The HTL already has developed essential components for integrated, computer-aided material development (publication: Integrated Computational Ceramics Engineering). Concepts for multiscale simulation are available for all three of the aforementioned relationships. To investigate how the production process influences the structure (relationship 1), models are used on different scales: on the microscale, for example, the microstructure development during sintering is simulated depending on process parameters such as the temperature-time curve. Insights are derived from this about the conditions for achieving maximum homogeneity of the ceramics (publications: Modeling Inherently Homogeneous Sintering Processes and Simulation of Sintering). On the macroscale, FE models are available for debinding (publication: Optimization of Debinding Using Experiment-Based Computational Concepts) and sintering, based strictly on precise in-situ measurement data from the thermal processes. With these models, the respective thermal process is optimized on the computer so that the components achieve the desired final shape and density reliably and without cracks with minimal time and energy expenditure.

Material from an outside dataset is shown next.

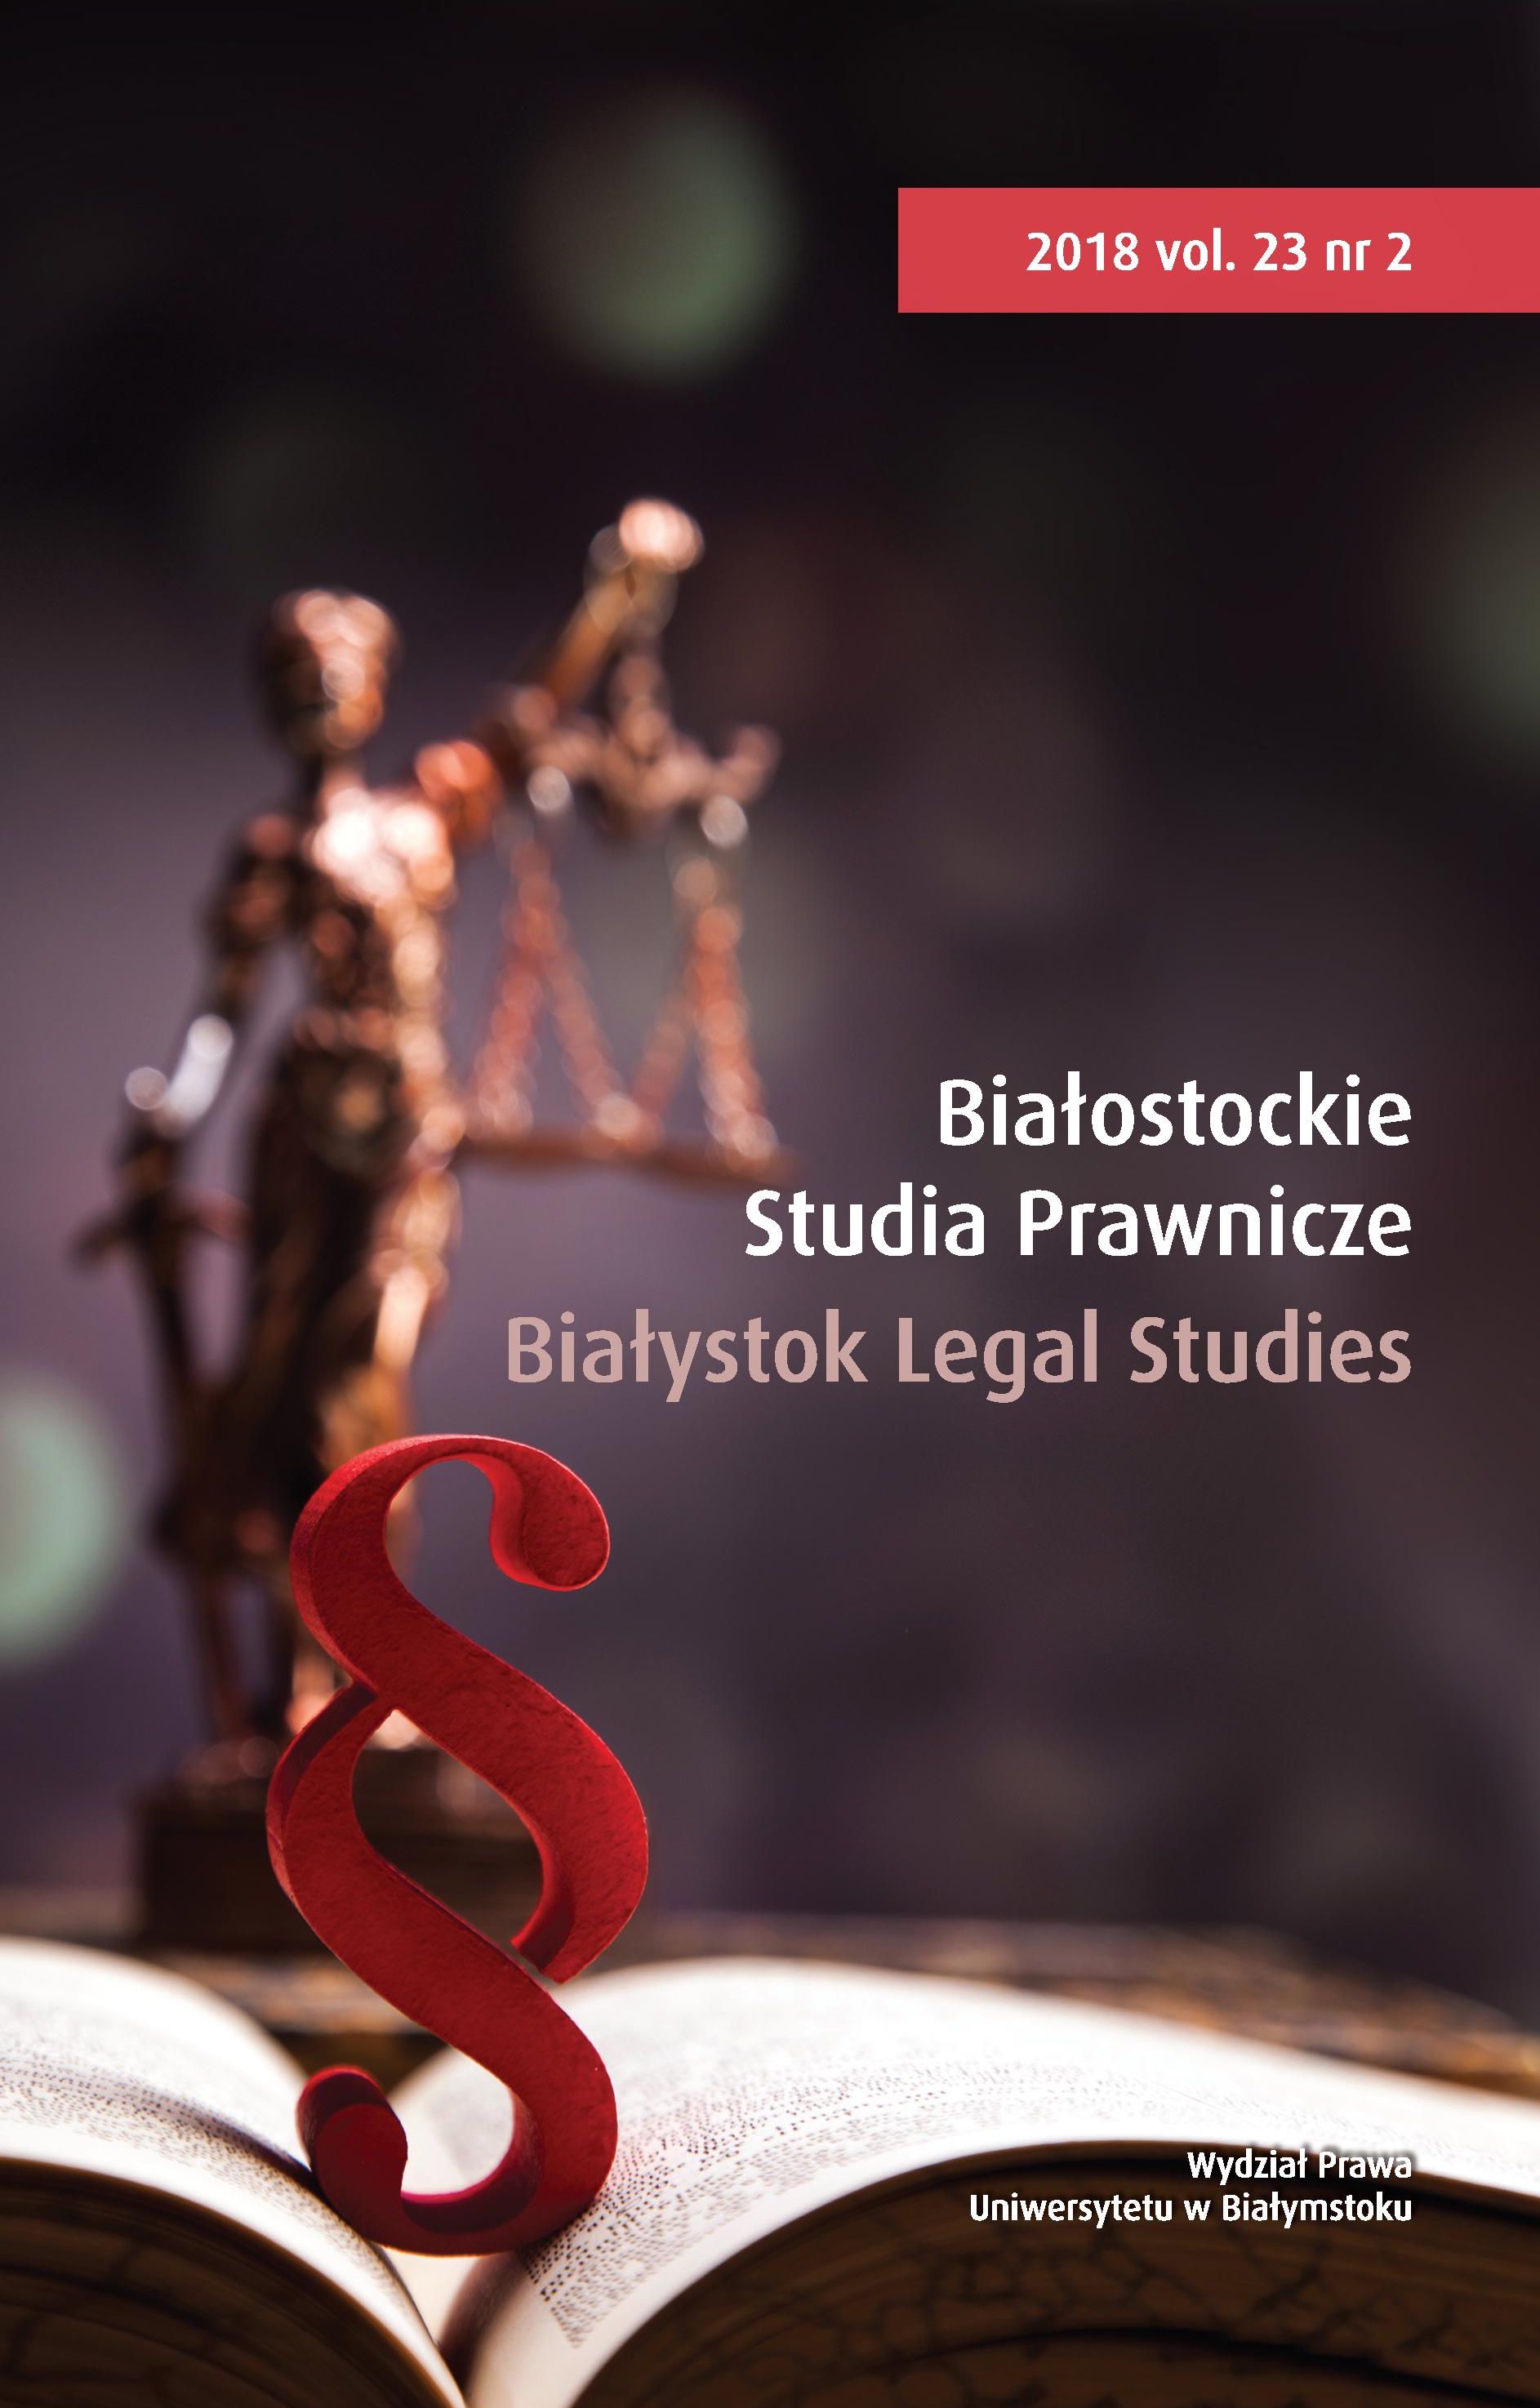 General Data Protection Regulation (GDPR) – The EU Law Strengthening the Information Society in Poland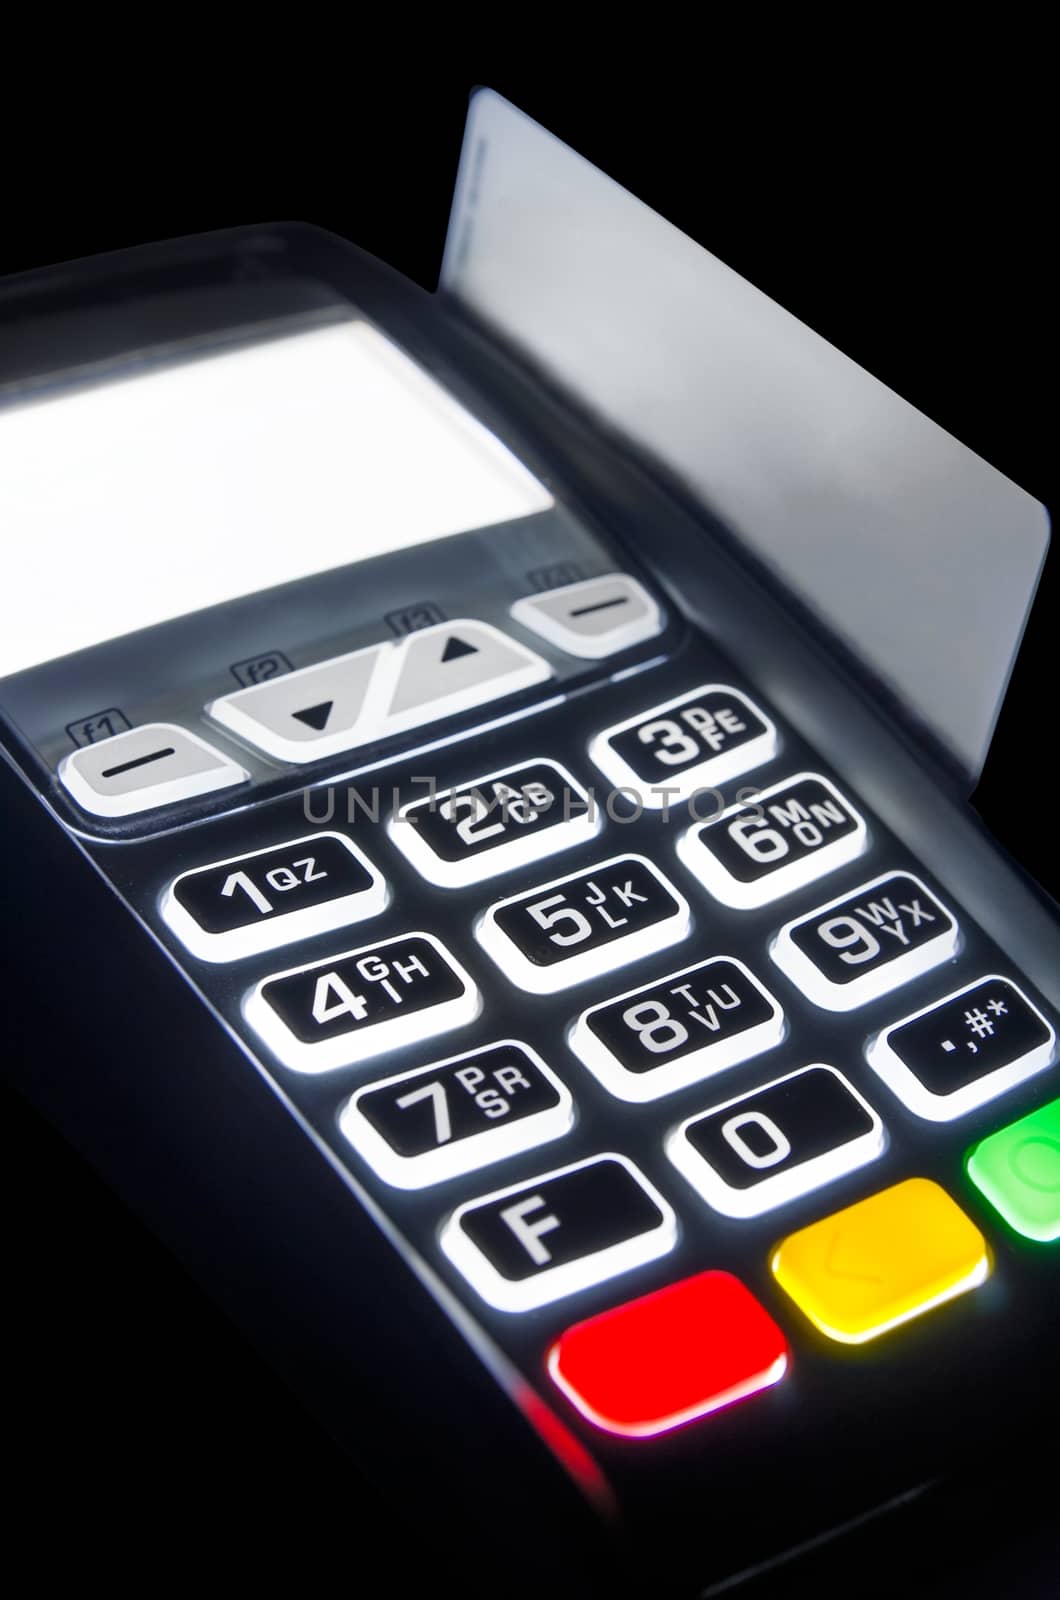 Payment terminal with lighting keypad at night

A microstructure-property simulation specifically developed for ceramics (publication: Using a novel microstructure generator to calculate macroscopic properties of multi-phase non-oxide ceramics in comparison to experiments) is available for relationship 2. It is suitable not only for pure ceramics but also for predicting the material properties of metal-ceramic composites (MMC) and ceramic fiber composites (CMC) (publication: 3D modelling of ceramic composites).
Regarding relationship 3, the computer-aided assessment of application properties, at the HTL, measured structures of surface or volume defects are evaluated using FE analyses for their impact on the probability of fracture.